**Recorded information**
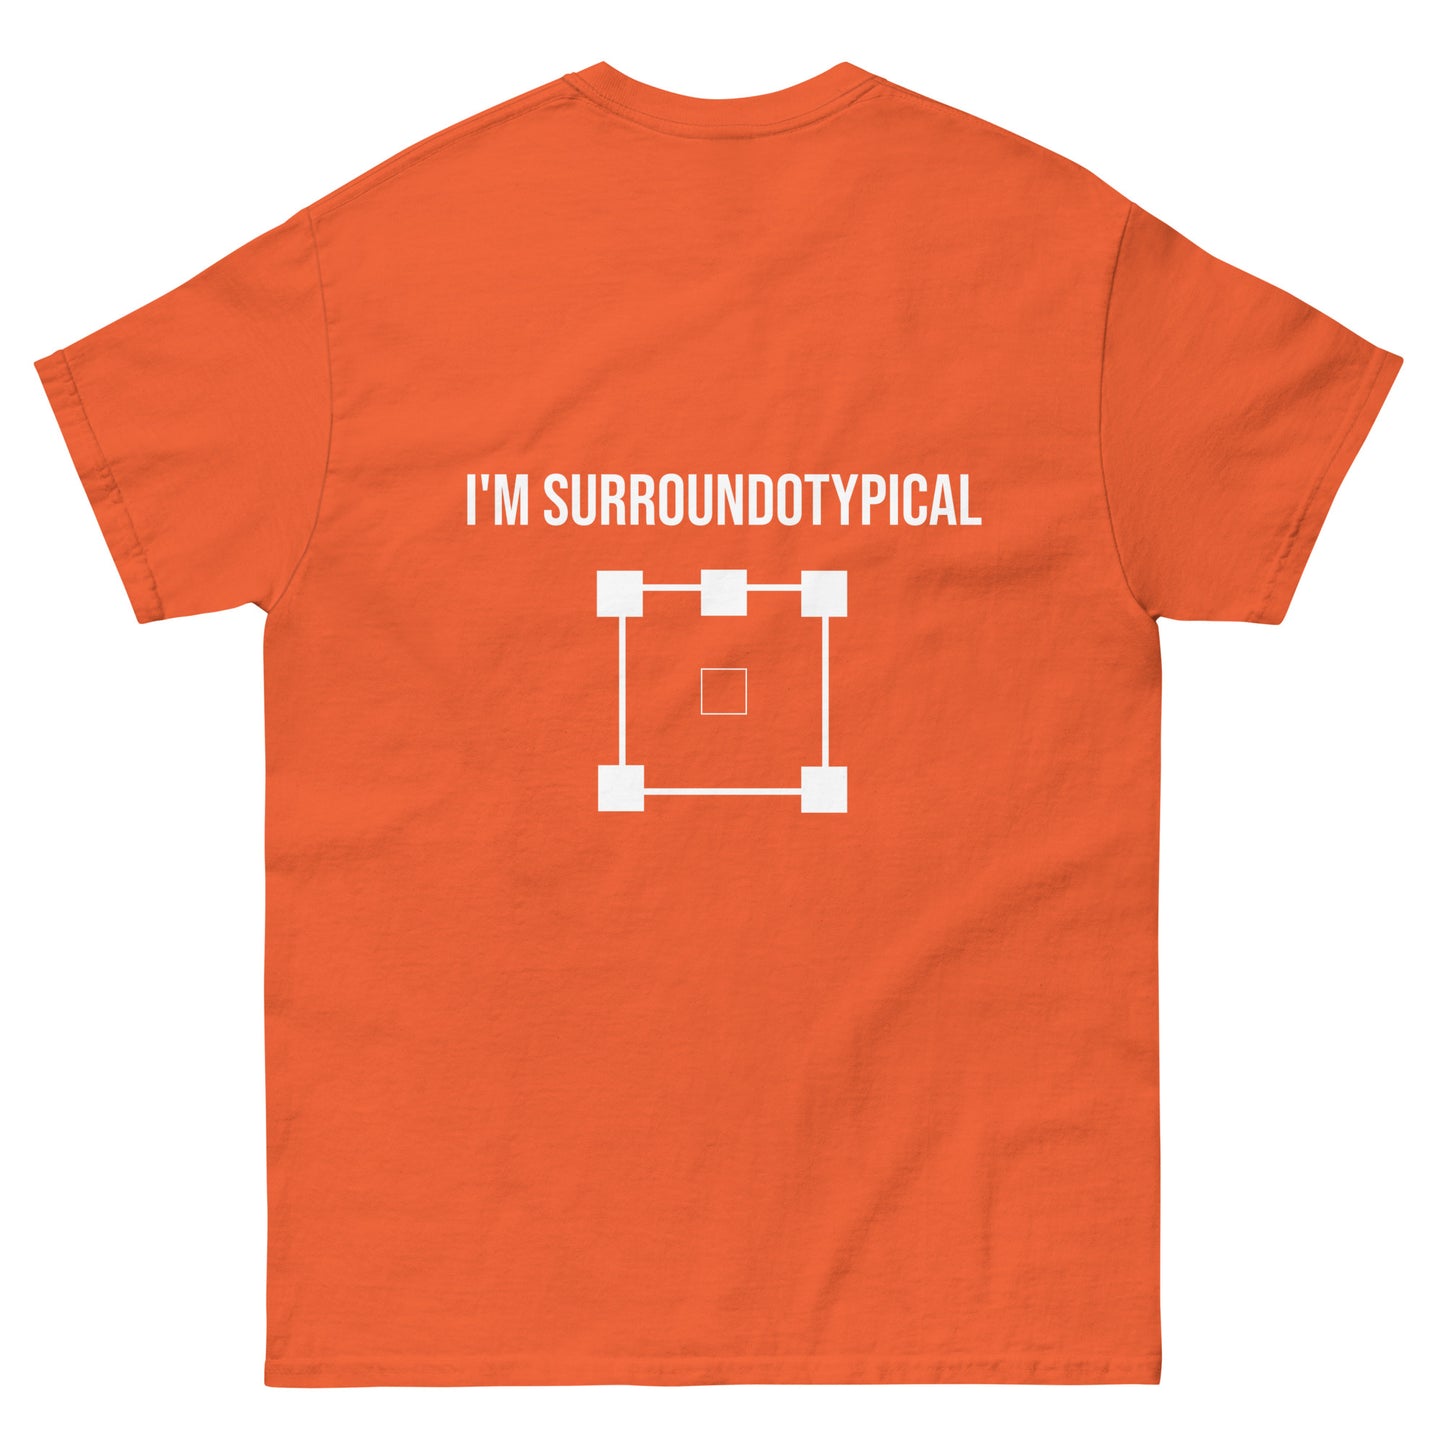 I'm not stereotypical. I'm surroundotypical. Classic tee
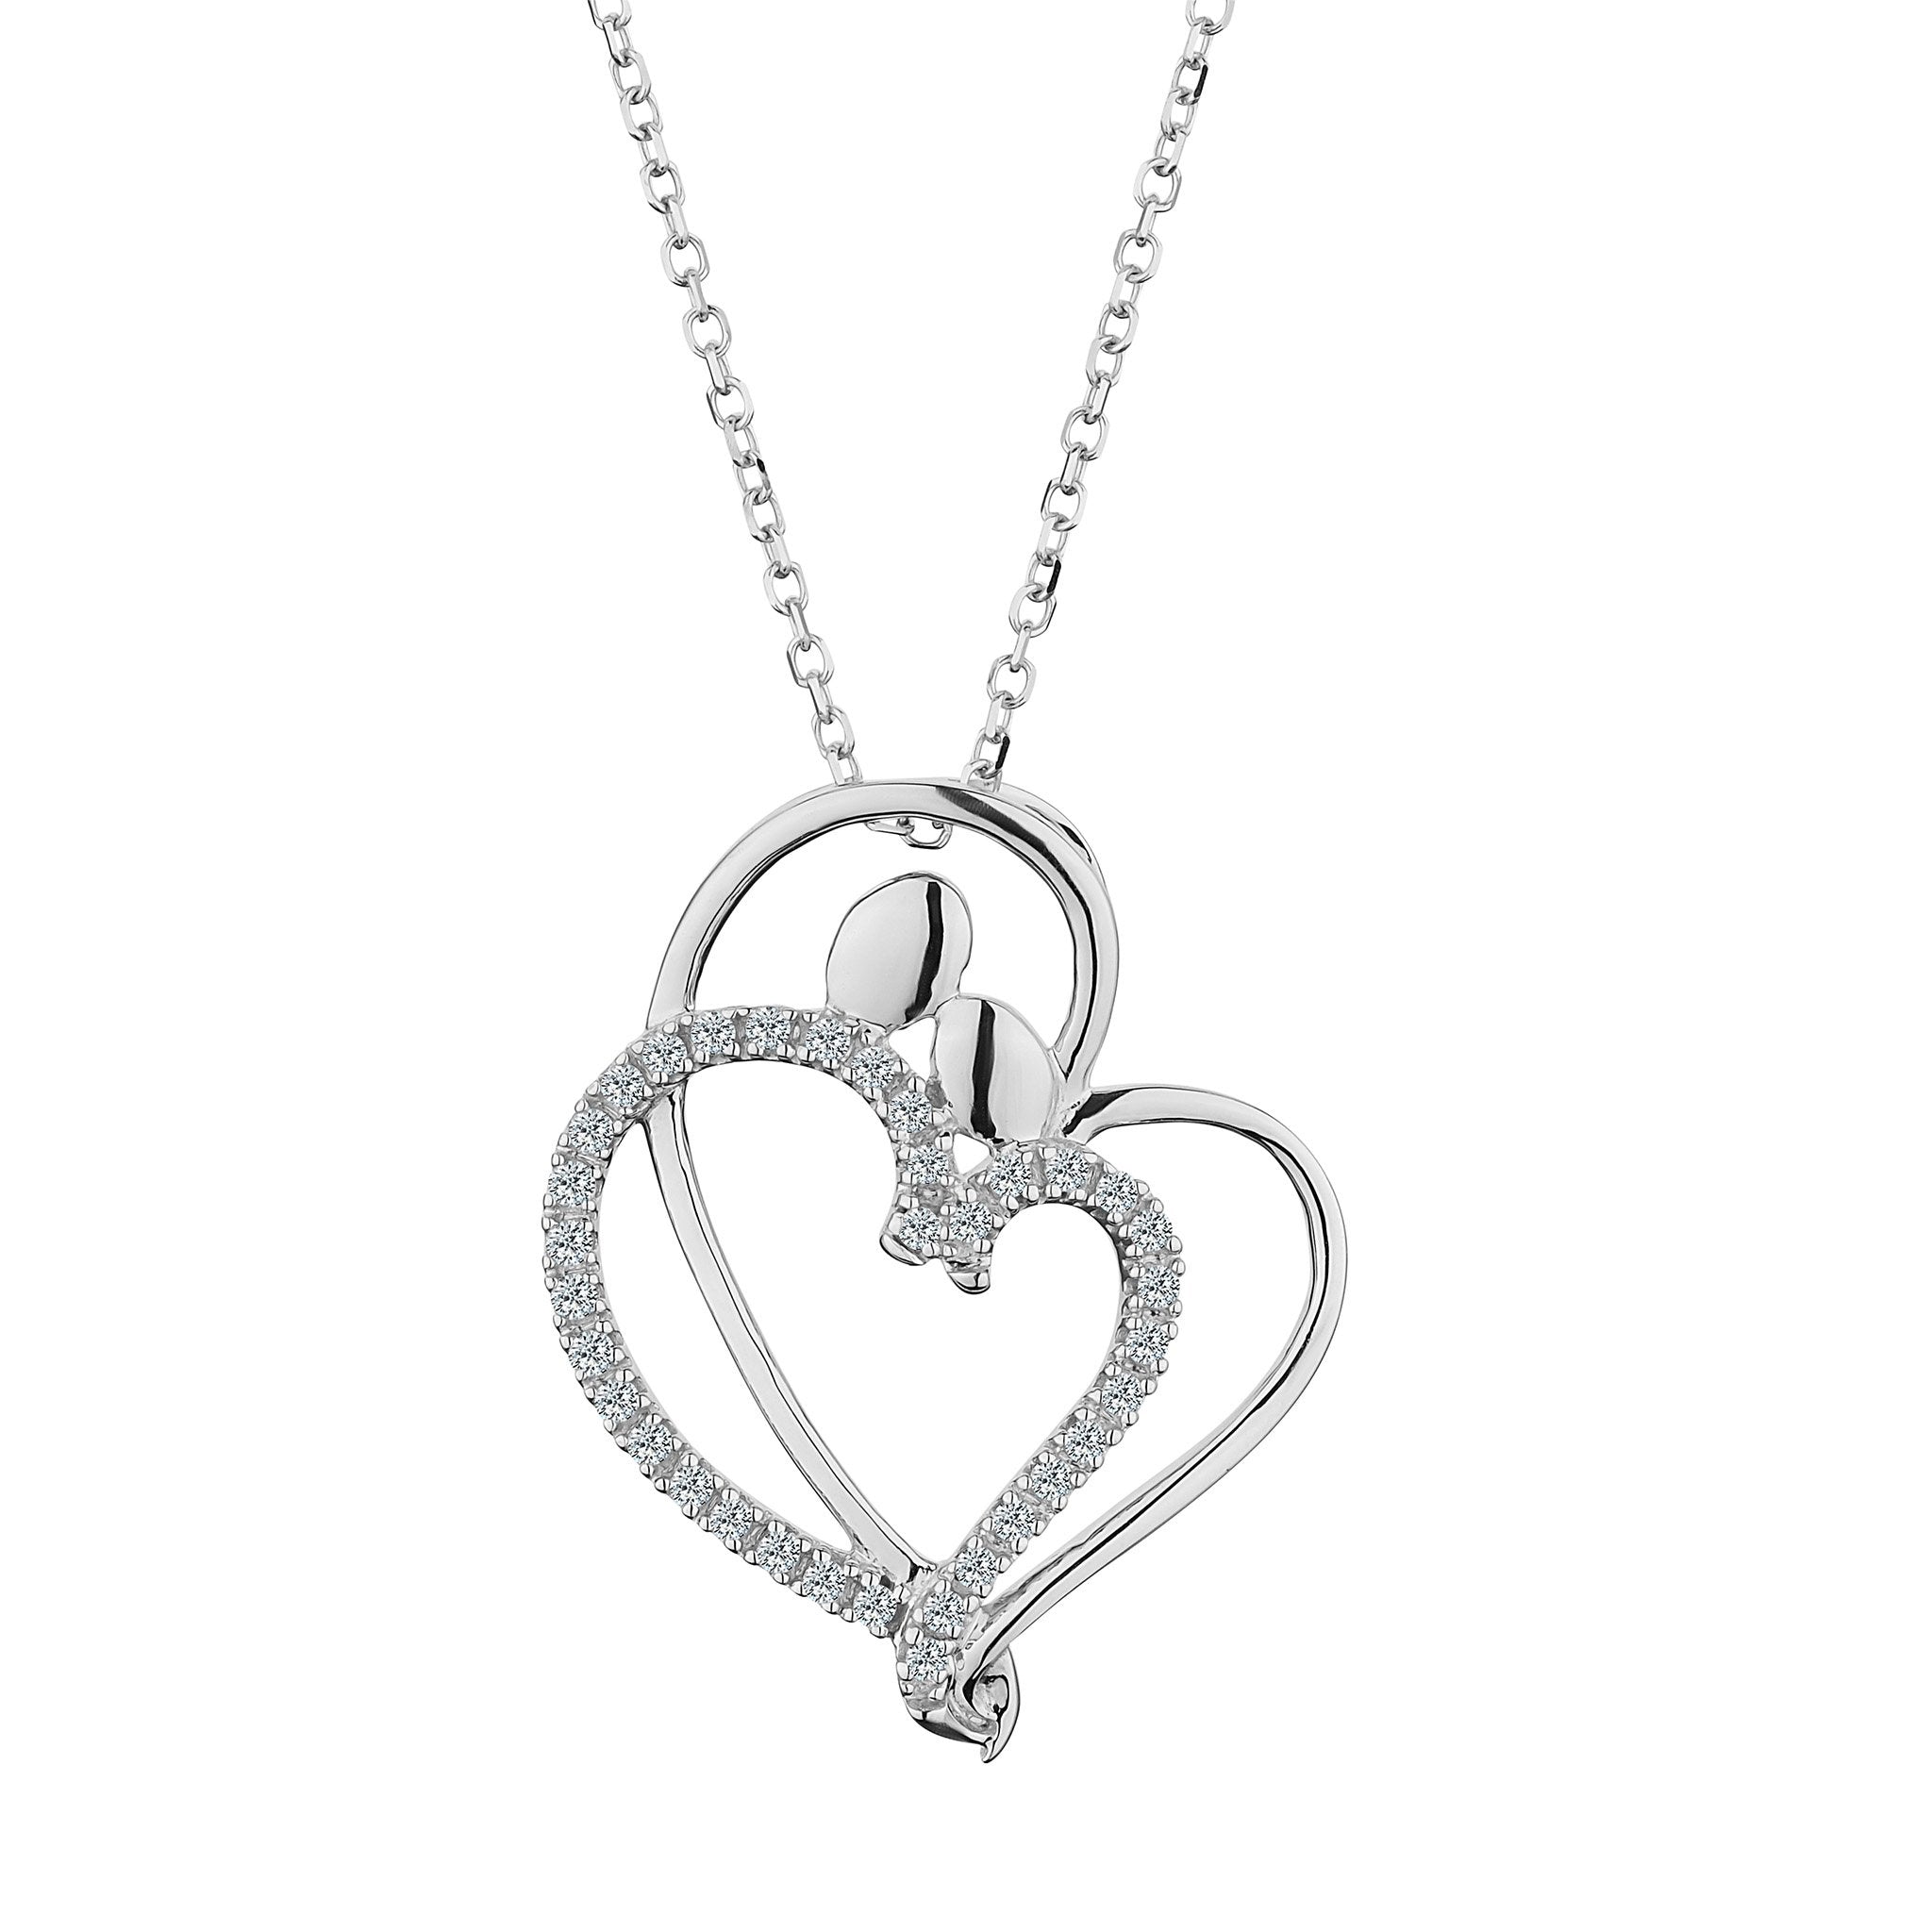 .10 Carat Diamond "Mother And Child" Heart Pendant, 10kt White Gold. Necklaces and Pendants. Griffin Jewellery Designs.
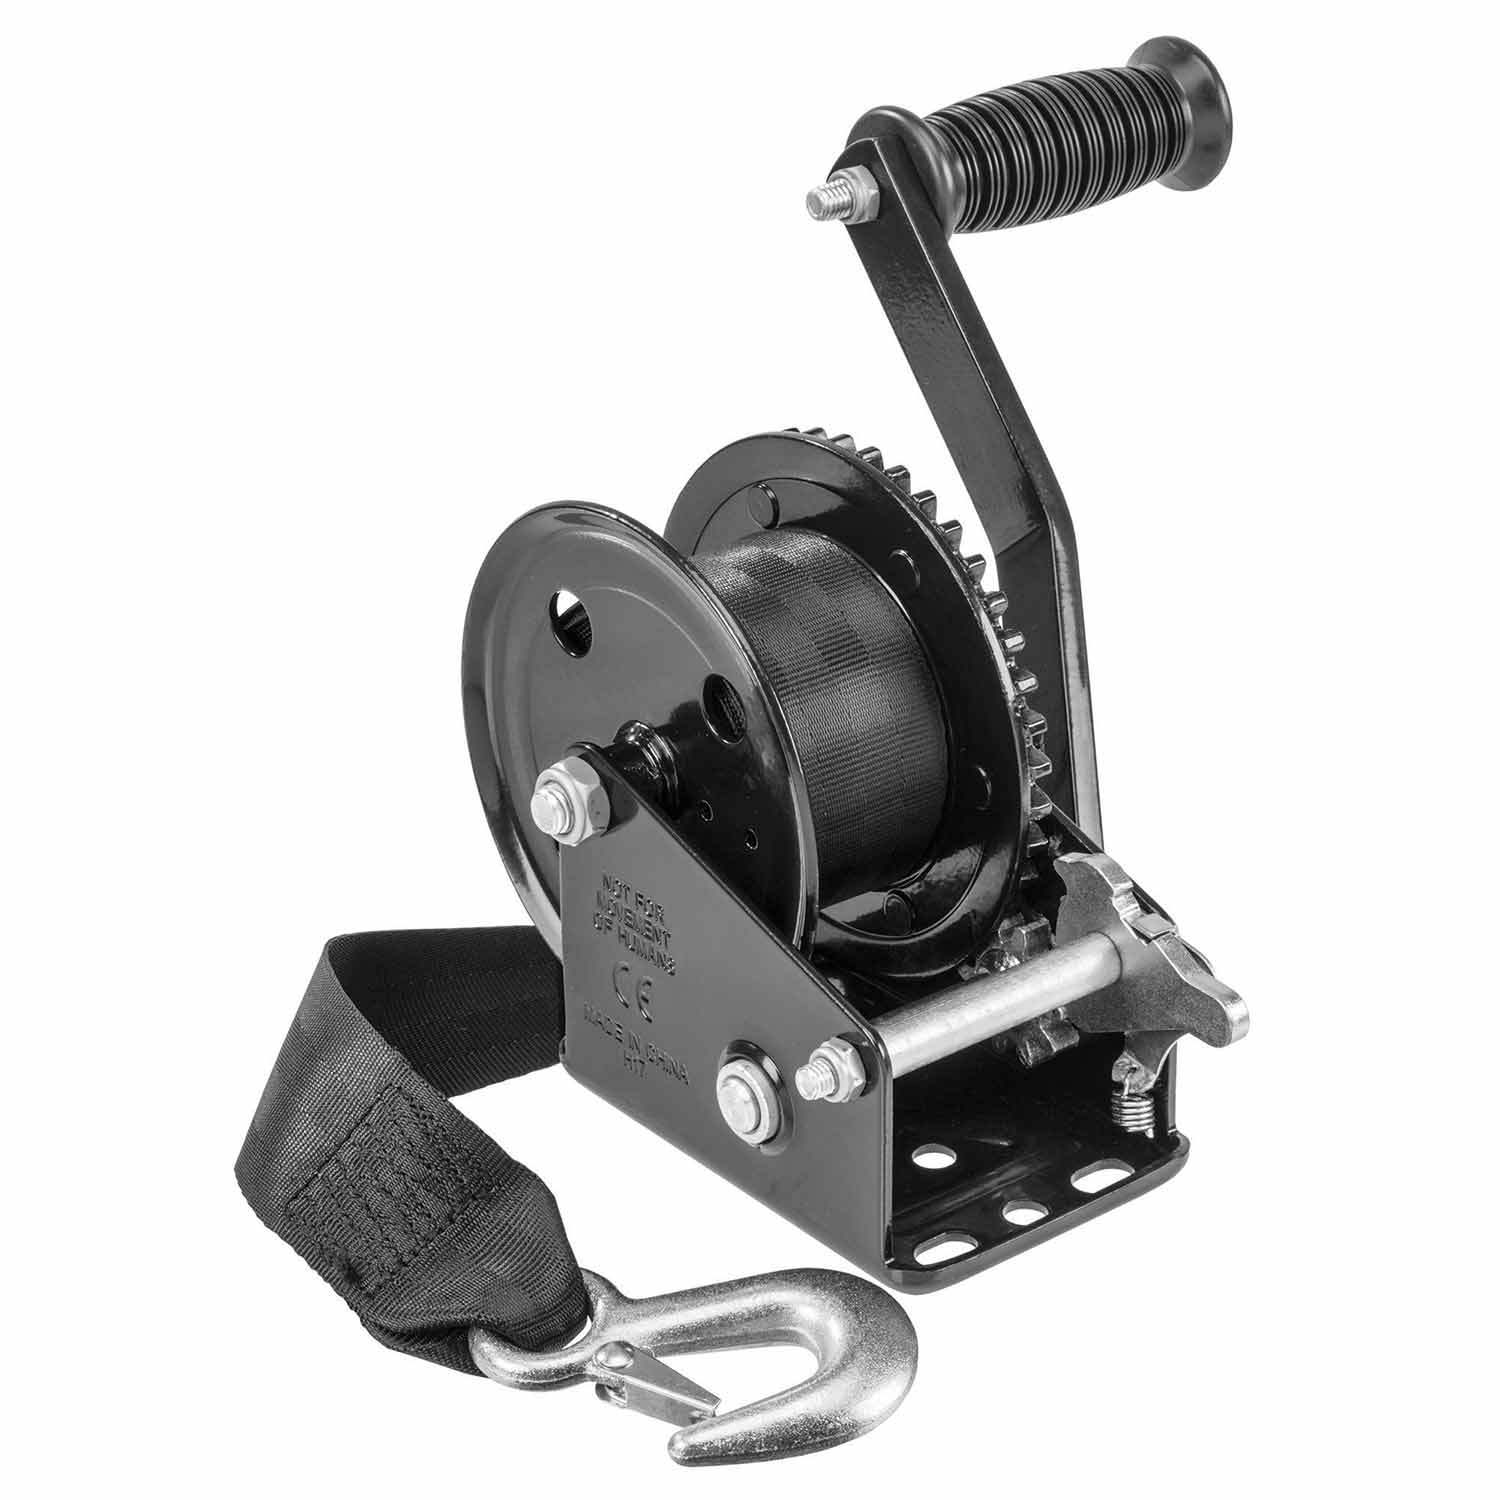 findmall Boat Trailer Winch 1500lbs with 10m Steel Cable, Crank Cable Gear  Winch with Hook, Heavy Duty Hand Winch with 4.1:1 Ratio for Boat, Trailer

**Work order**
Copy all the material exactly; omit images.

**Written response**
 I'm not stereotypical. I'm surroundotypical. Classic tee
 .10 Carat Diamond "Mother And Child" Heart Pendant, 10kt White Gold. Necklaces and Pendants. Griffin Jewellery Designs.
 findmall Boat Trailer Winch 1500lbs with 10m Steel Cable, Crank Cable Gear  Winch with Hook, Heavy Duty Hand Winch with 4.1:1 Ratio for Boat, Trailer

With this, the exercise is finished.